Third, and perhaps most important, the Supreme Court’s decision may cast light on the moral, human rights and national security train wreck that is Guantánamo because it will entail examination of the CSRTs. This affects every one of the Guantánamo detainees, and puts into spotlight the whole gamut of detention policies around the world. 

The Court has agreed to hear a range of questions that go the fundamental issue of whether and what rights to due process the detainees have. Suddenly, the whole CSRT system is under scrutiny of a kind it’s never faced. That means we will likely learn much more about how inadequate those procedures are, the extent to which they have relied on evidence gained by torture and abuse and how few safeguards they have against error. To judge by the affidavit of Stephen Abraham, a 26-year veteran of military intelligence who served at Guantánamo, the answers will make interesting fare. Abraham reports a wholly sham process , in which “[w]hat were purported to be specific statements of fact [used to justify detentions] lacked even the most fundamental earmarks of objectively credible evidence.”

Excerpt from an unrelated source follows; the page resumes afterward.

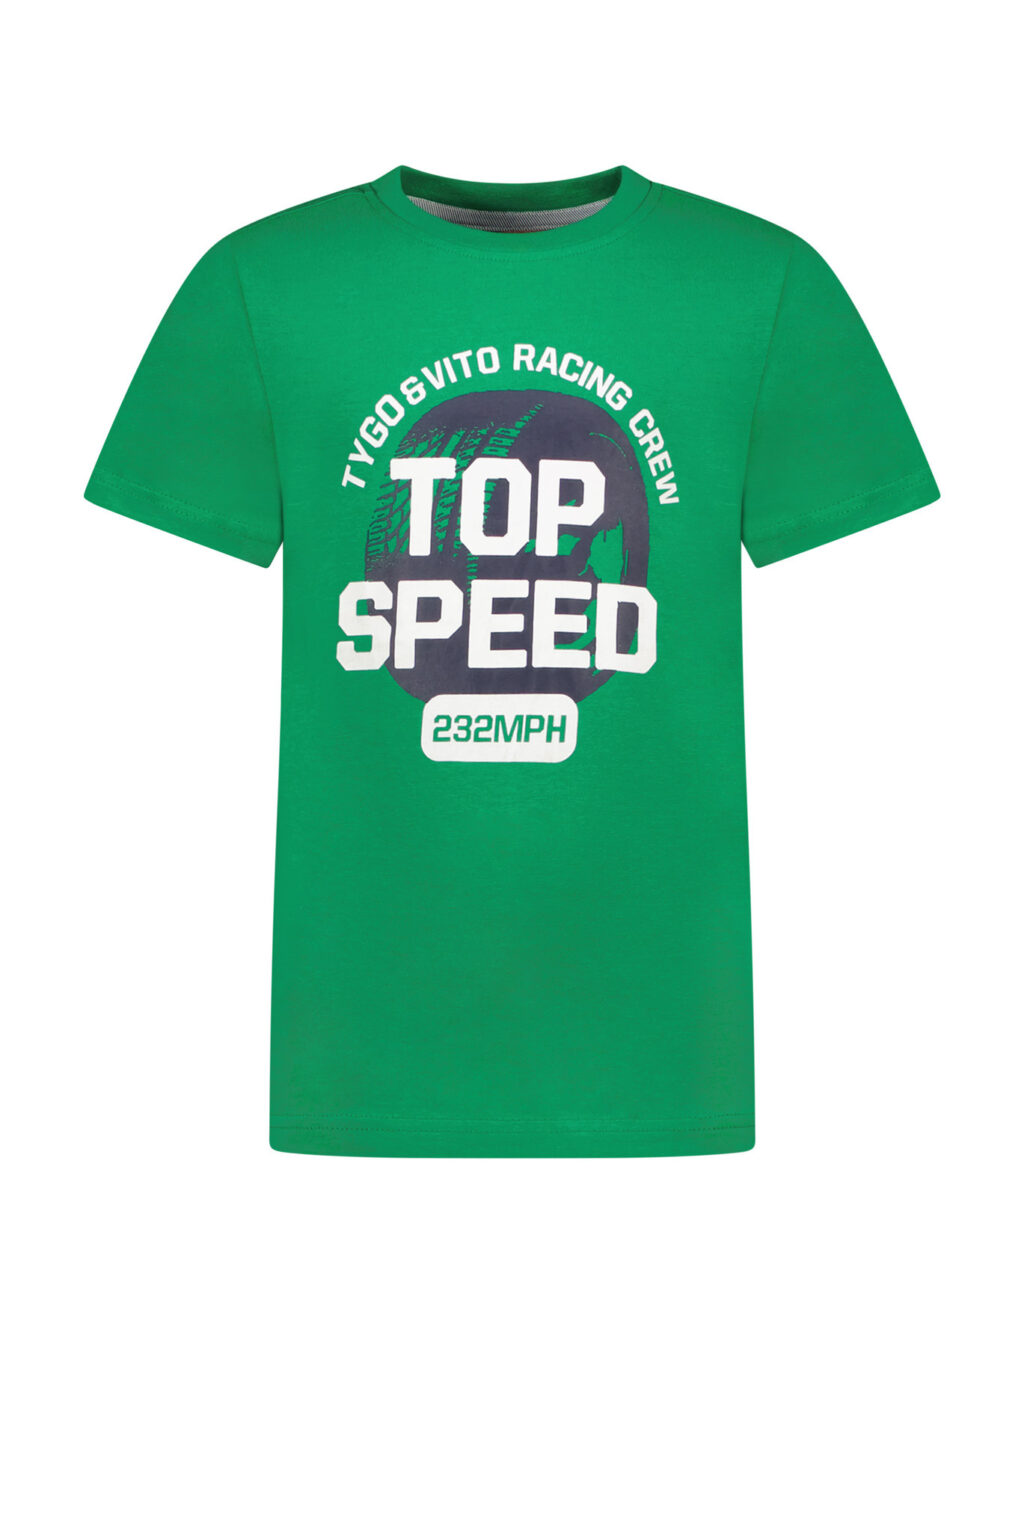 Tygo & Vito Jongens t-shirt top speed - Helder groen ~ Spinze.nl

If the CSRT process used in 2004 to classify Guantánamo detainees as “enemy combatants” is indeed examined by the Court, I believe it will fail. Any independent-minded assessment of that system will demonstrate it was a sham from the start, a Potemkin process for a Soviet-style policy of mass detention without discrimination, mercy or decency. (I do not mean that no Justices will vote to uphold the system. To the contrary, some will. They will be wrong, legally and morally).   

And Congress., which itself is stirring from a long slumber, can move this along too. Last week in addition, Senator Patrick Leahy issued subpoenas respecting the NSA’s warrantless wiretapping program. White House Counsel Fred Fielding and Acting Attorney General Paul Clement have already asserted executive privilege. Although the ACLU has already put a ticker on their website  marking the days to the subpoenas’ compliance deadline, it is unlikely that the White House will comply. In all likelihood, it will take full advantage of the lethargic judicial process and work to ensure that inauguration precedes compliance. Given the conservative tilt of the courts and the quality of the government’s trial advocacy-Clement, who will likely defend the executive’s position in court, is a spectacularly good lawyer-the process will not be quick.  

The larger importance of the subpoenas should not, however, be missed: For the first time in six years, Congress is pushing back on a national-security issue against executive stonewalling. But NSA wiretapping is but one issue among many that demands oversight. These should not be the first or last subpoenas. Indeed, the Court’s action last week makes a compelling case for more subpoenas.

For years, the Administration has been telling us  that Guantánamo contained the “worst of the worst,” and that the operations there were all “humane.” Now that the issue is before the Supreme Court, the issue of detainee treatment and classification should be at the top of the agenda. As the case comes to the Court, there is much Congress can do to ensure that the American people-not to mention the Justices-have as complete an understanding of the true facts about detention policy. Congress can use its investigative power to ensure that the Administration cannot paper over the truth at Guantánamo. It can make sure that the Court has before it a more unvarnished truth, rather than the anodyne propaganda the administration circulates. 

The subpoenas from the Judiciary Committee, in other words, cannot be the culmination of oversight efforts. With the road opened by the Courts, Congress must now make sure that a true and right path can be seen out of the tangled mire into which the Administration has sunk our country.